Heuristic:Facebookresearch Habitat lab Force Single Threaded PyTorch
| Knowledge Sources | |
|---|---|
| Domains | Optimization, Reinforcement_Learning |
| Last Updated | 2026-02-15 00:00 GMT |
Overview
Counter-intuitive performance optimization: forcing PyTorch to single-threaded mode significantly speeds up RL training by avoiding parallel memory copy overhead.
Description
PyTorch increasingly parallelizes internal memory copy operations across threads. In Habitat-Lab RL training, CPU-side operations are dominated by simple memory copies (rollout buffer management, observation transfers) rather than compute-heavy operations. The parallelization overhead (thread creation, synchronization) dramatically slows down these lightweight operations. Setting `force_torch_single_threaded=True` eliminates this overhead.
Usage
Use this heuristic whenever running RL training in Habitat-Lab (PPO, DD-PPO, VER). The config default is `False` (to match standard PyTorch behavior), but all provided training configs set it to True, and custom configs should do the same.
The Insight (Rule of Thumb)
- Action: Set `habitat_baselines.force_torch_single_threaded: True` in your training config.
- Value: `True` (boolean flag).
- Trade-off: None observed in practice. The default is `False` only for compatibility with standard PyTorch behavior, not because `True` has downsides.
- Scope: Affects all CPU-side PyTorch operations in the training process.
Reasoning
The Habitat-Lab team documented this directly in the config dataclass with an explanatory comment. The insight is that RL training workloads differ fundamentally from typical deep learning training: the CPU is used primarily for environment simulation and data movement, not matrix math. Parallel memory copies add synchronization overhead that exceeds the copy time itself, making single-threaded execution faster.
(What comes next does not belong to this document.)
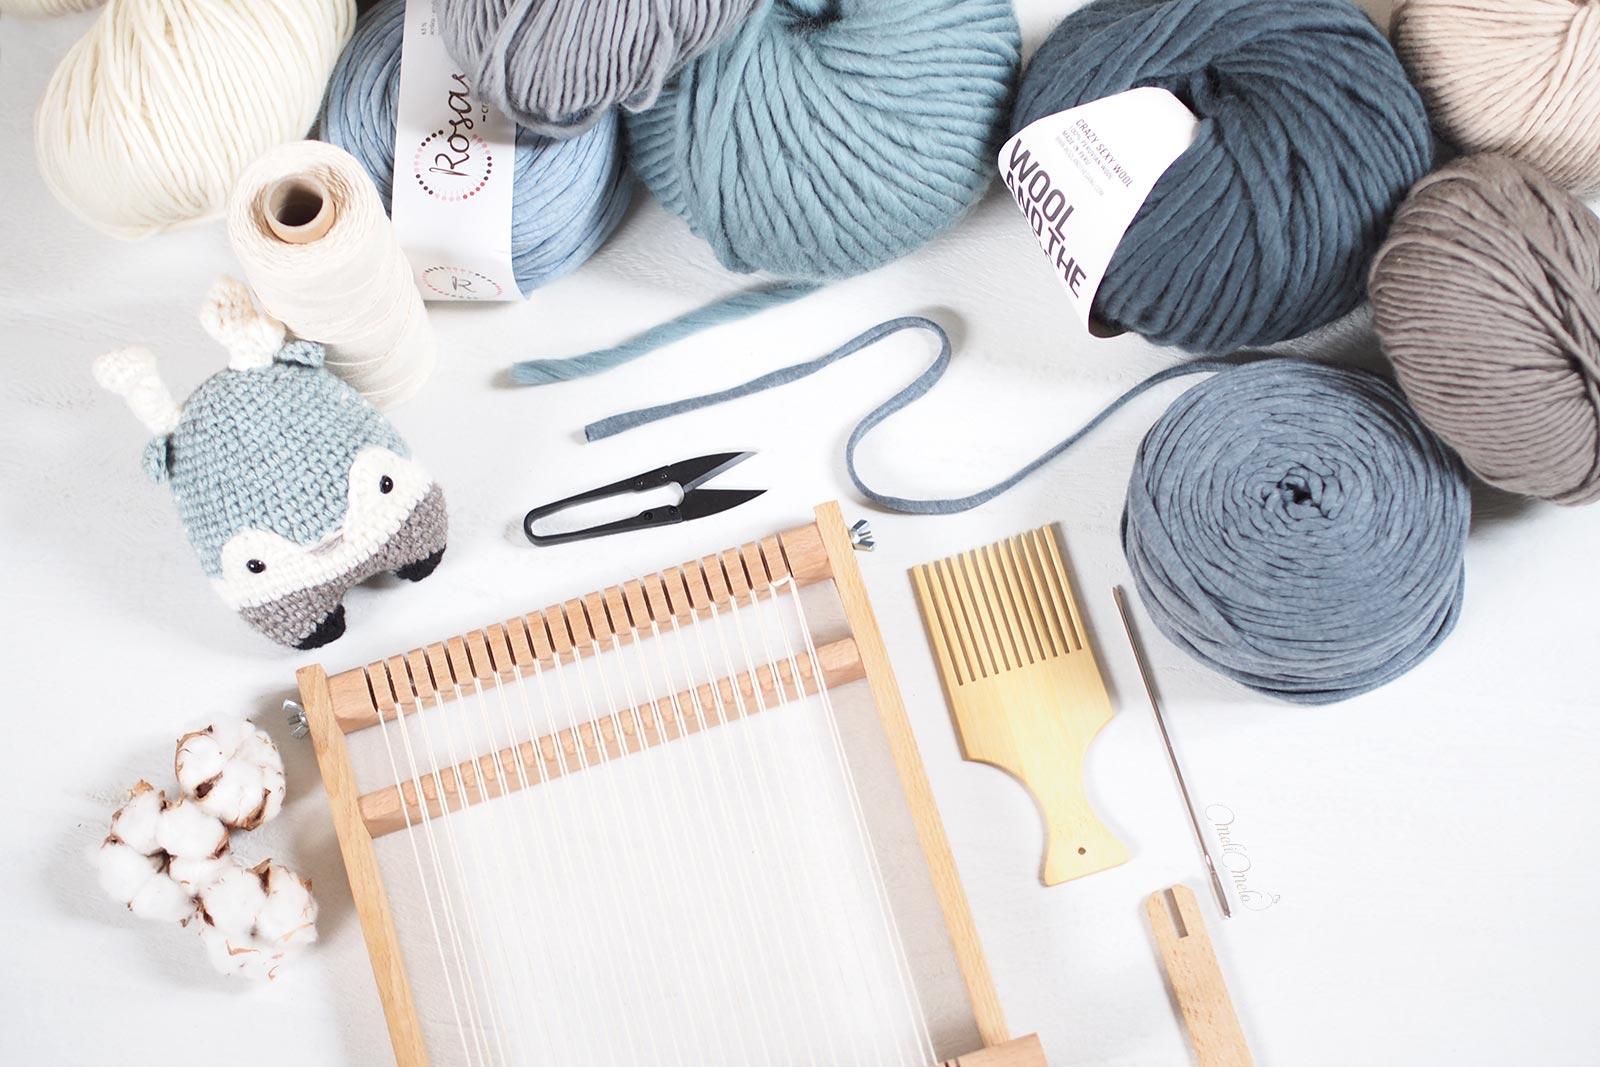 tissage laine Fleur de coton qutuun bleu Lalylala Heinz cerf crochet laboutiquedemelimelo

Code evidence from `habitat-baselines/habitat_baselines/config/default_structured_configs.py:479-487`:
# For our use case, the CPU side things are mainly memory copies
# and nothing of substantive compute. PyTorch has been making
# more and more memory copies parallel, but that just ends up
# slowing those down dramatically and reducing our perf.
# This forces it to be single threaded. The default
# value is left as false as it's different from how
# PyTorch normally behaves, but all configs we provide
# set it to true and yours likely should too
force_torch_single_threaded: bool = False